* [Records shown]:

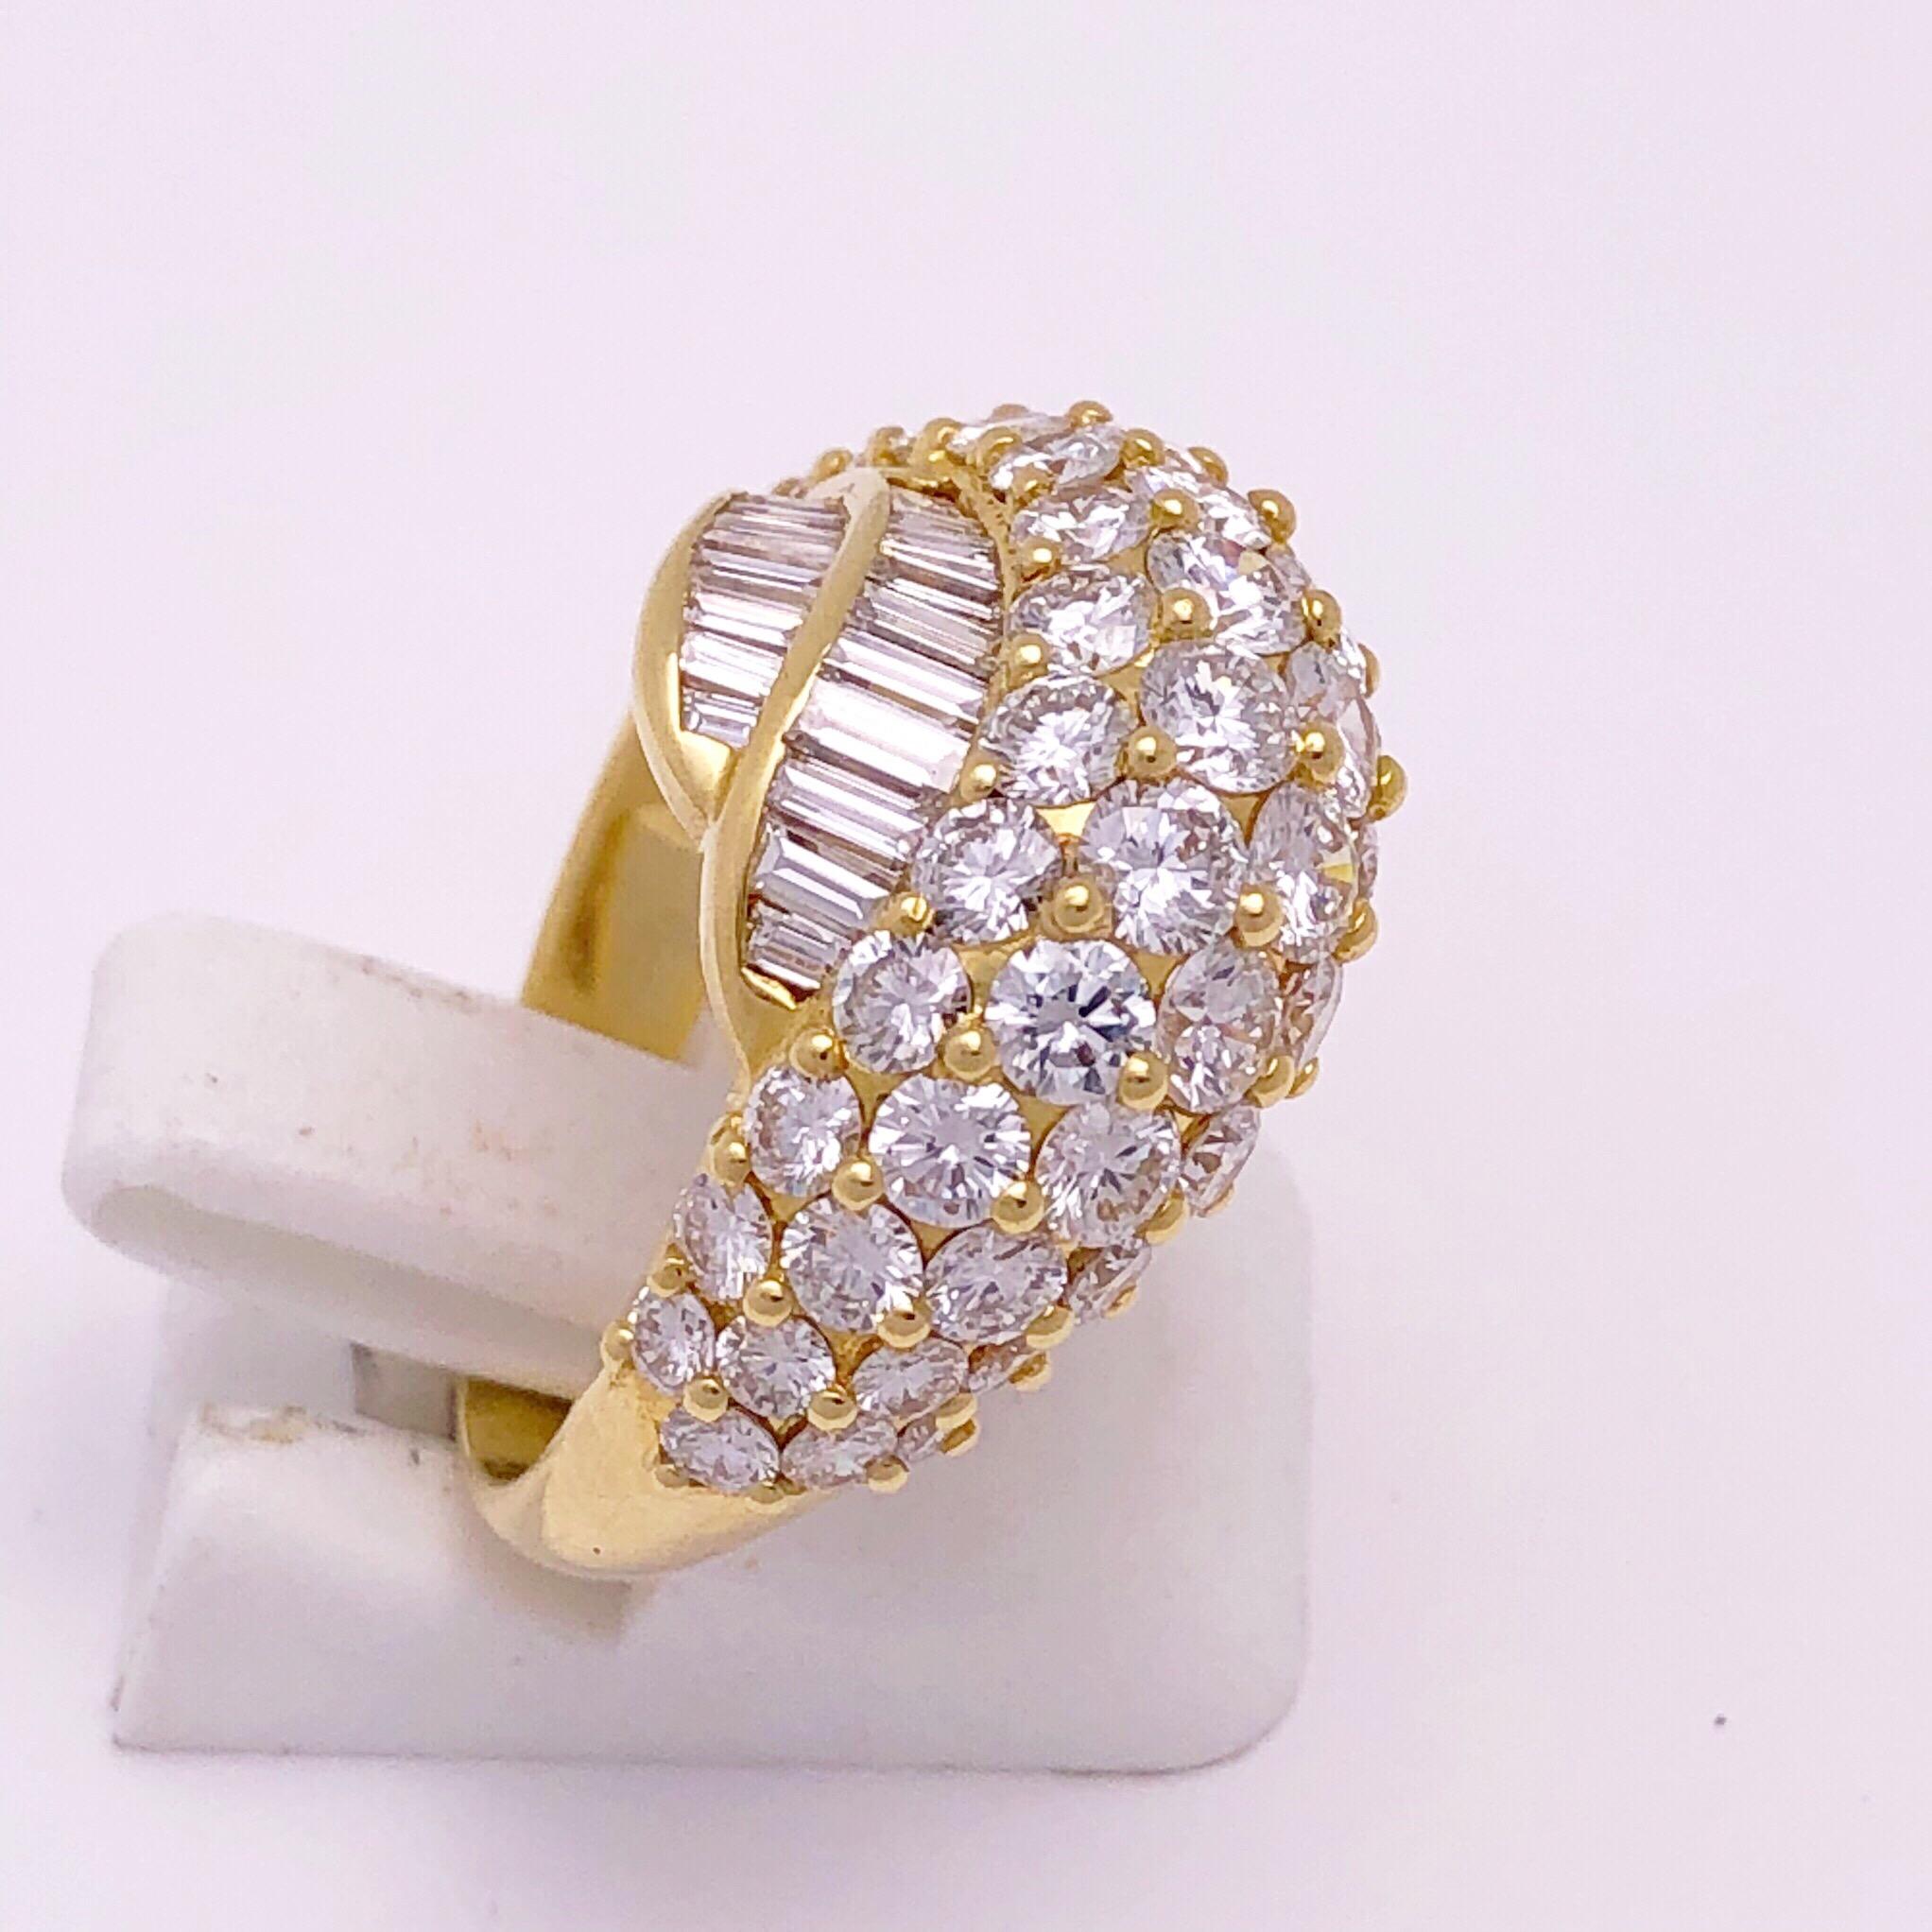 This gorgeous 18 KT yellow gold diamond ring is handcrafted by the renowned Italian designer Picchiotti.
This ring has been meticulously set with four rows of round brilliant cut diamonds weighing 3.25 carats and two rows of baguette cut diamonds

==

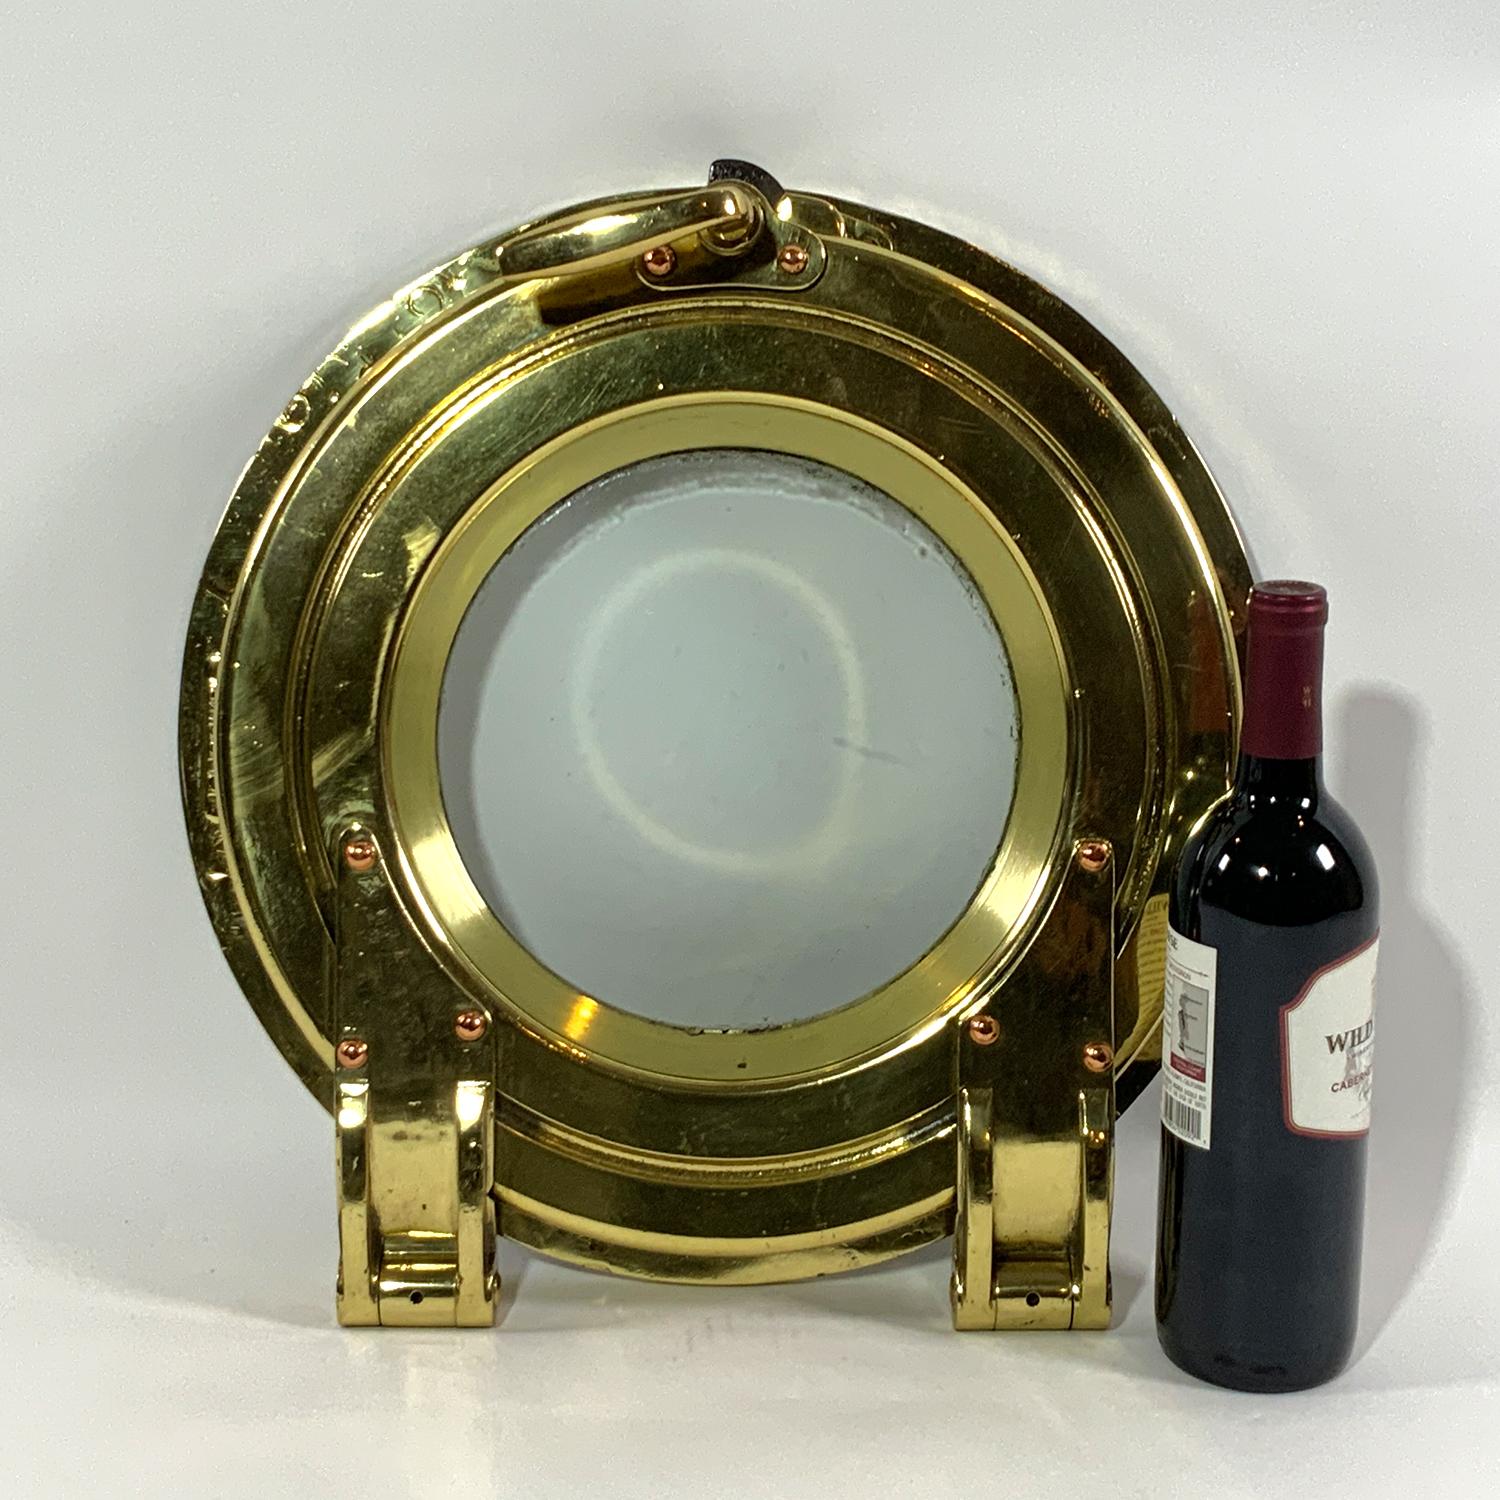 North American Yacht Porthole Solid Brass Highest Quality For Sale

* [Exercise]: The answer is those lines of the material above that run from the one containing "This gorgeous 18" up to and including the one containing "This ring has", restated exactly and without images.

* [Task output]:
 This gorgeous 18 KT yellow gold diamond ring is handcrafted by the renowned Italian designer Picchiotti.
This ring has been meticulously set with four rows of round brilliant cut diamonds weighing 3.25 carats and two rows of baguette cut diamonds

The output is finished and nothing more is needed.